Company Funds Used for Personal Business
In addition to diverting customer-bound goods, the accused is also alleged to have used company funds to purchase products worth approximately ₹15 lakh. Police said these goods were not used for the firm’s business operations but were instead sold through the accused’s personal grocery store, resulting in unlawful personal gain.
Officials said the combined value of the diverted stock and misused funds has been assessed at ₹38.61 lakh, causing significant financial loss to the oil trader.
Discrepancies Detected During Account Reconciliation
The fraud came to light after the trader conducted a detailed reconciliation of accounts and inventory. During the process, substantial mismatches were found between stock records and actual deliveries. Several customers also reportedly confirmed that they had made payments but did not receive the full quantity of goods.
Following an internal inquiry, the role of the former employee allegedly emerged, prompting the trader to approach the police with a formal complaint.
Case Registered Under BNS Provisions
Based on the complaint, the police have registered a First Information Report (FIR) under Section 316(2) (criminal breach of trust) and Section 318(4) (cheating) of the Bharatiya Nyaya Sanhita (BNS).
The accused has not been arrested so far. Police officials said a decision regarding arrest will be taken after further examination of evidence and statements.
Probe Focuses on Financial Records and Stock Movement
Police said they are scrutinising the company’s financial records, bank transactions, stock movement registers and customer-related documents. Preliminary findings suggest substance in the allegations, though a detailed investigation is underway to establish the full scope of the fraud and trace the flow of funds.

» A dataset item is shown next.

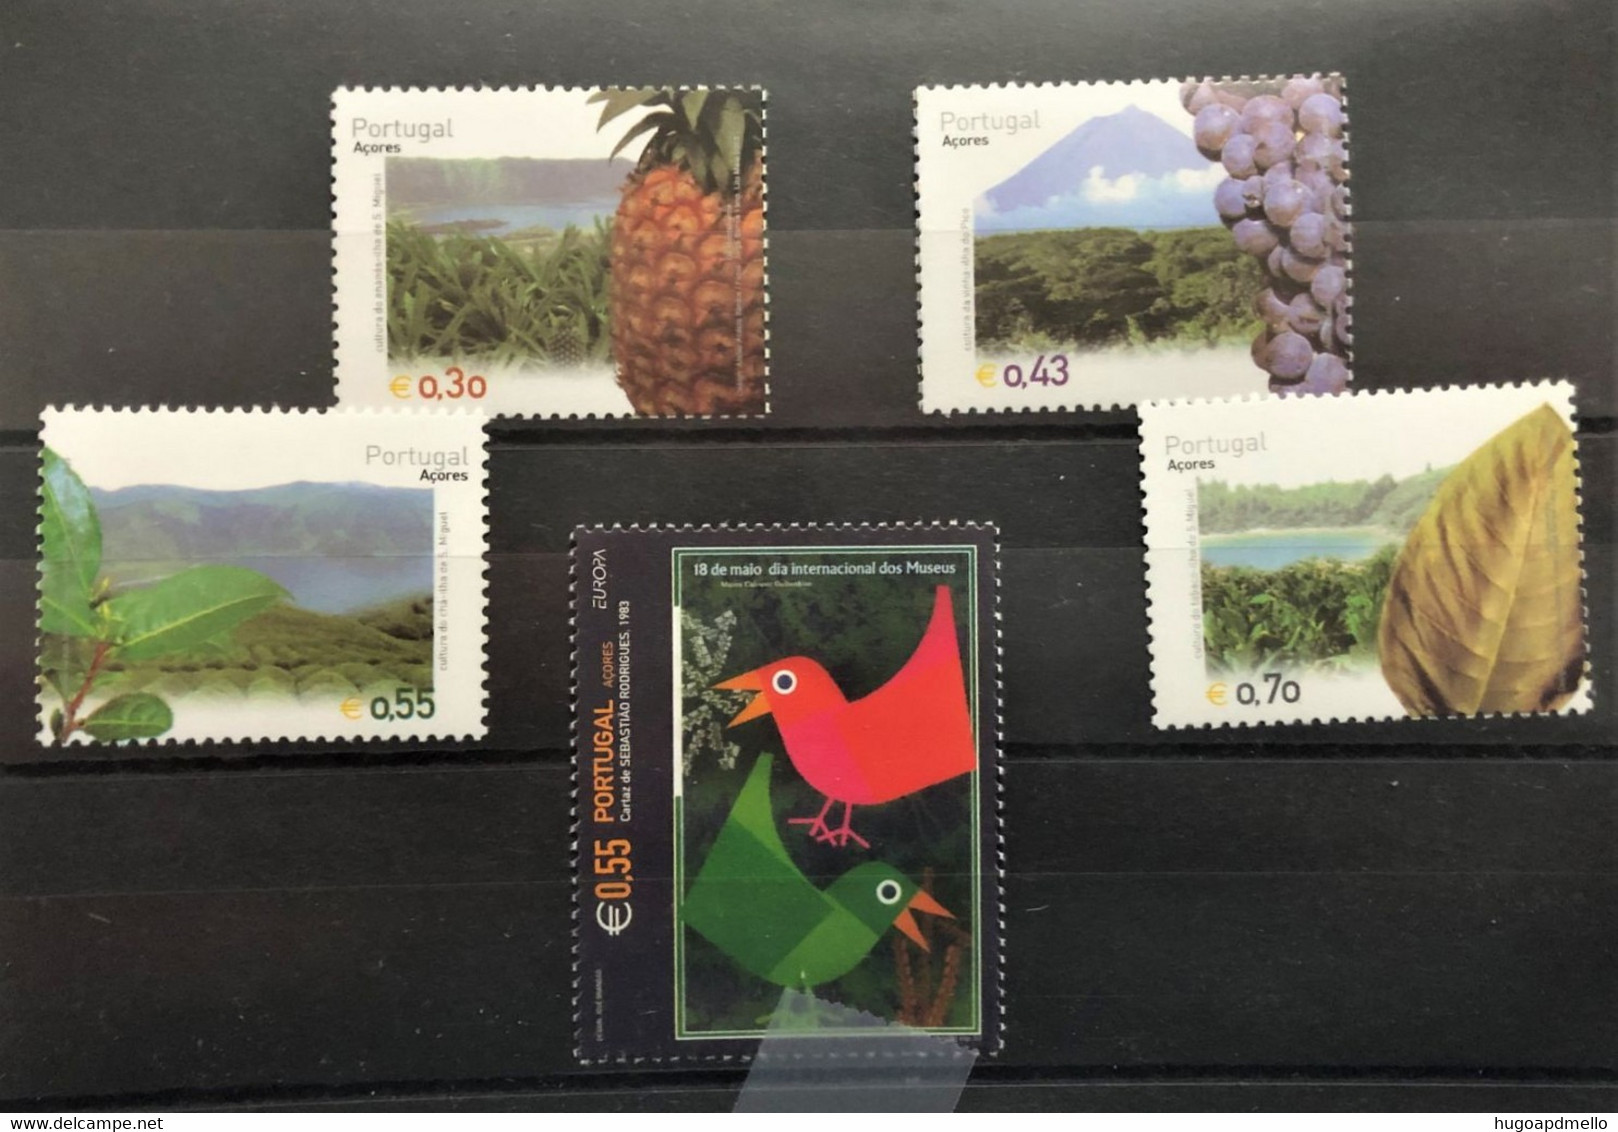 PORTUGAL, AZORES, « FULL YEAR »,Mint Stamps Without Blocks, 2003 - Annate Complete

Investigators are also examining whether the accused acted alone or if any other individuals were involved in facilitating or concealing the alleged misappropriation.
Police officials said further legal action will be taken based on the outcome of the investigation. The case is being viewed as a serious instance of internal breach of trust, highlighting how prolonged misuse of authority within a company can result in substantial financial damage.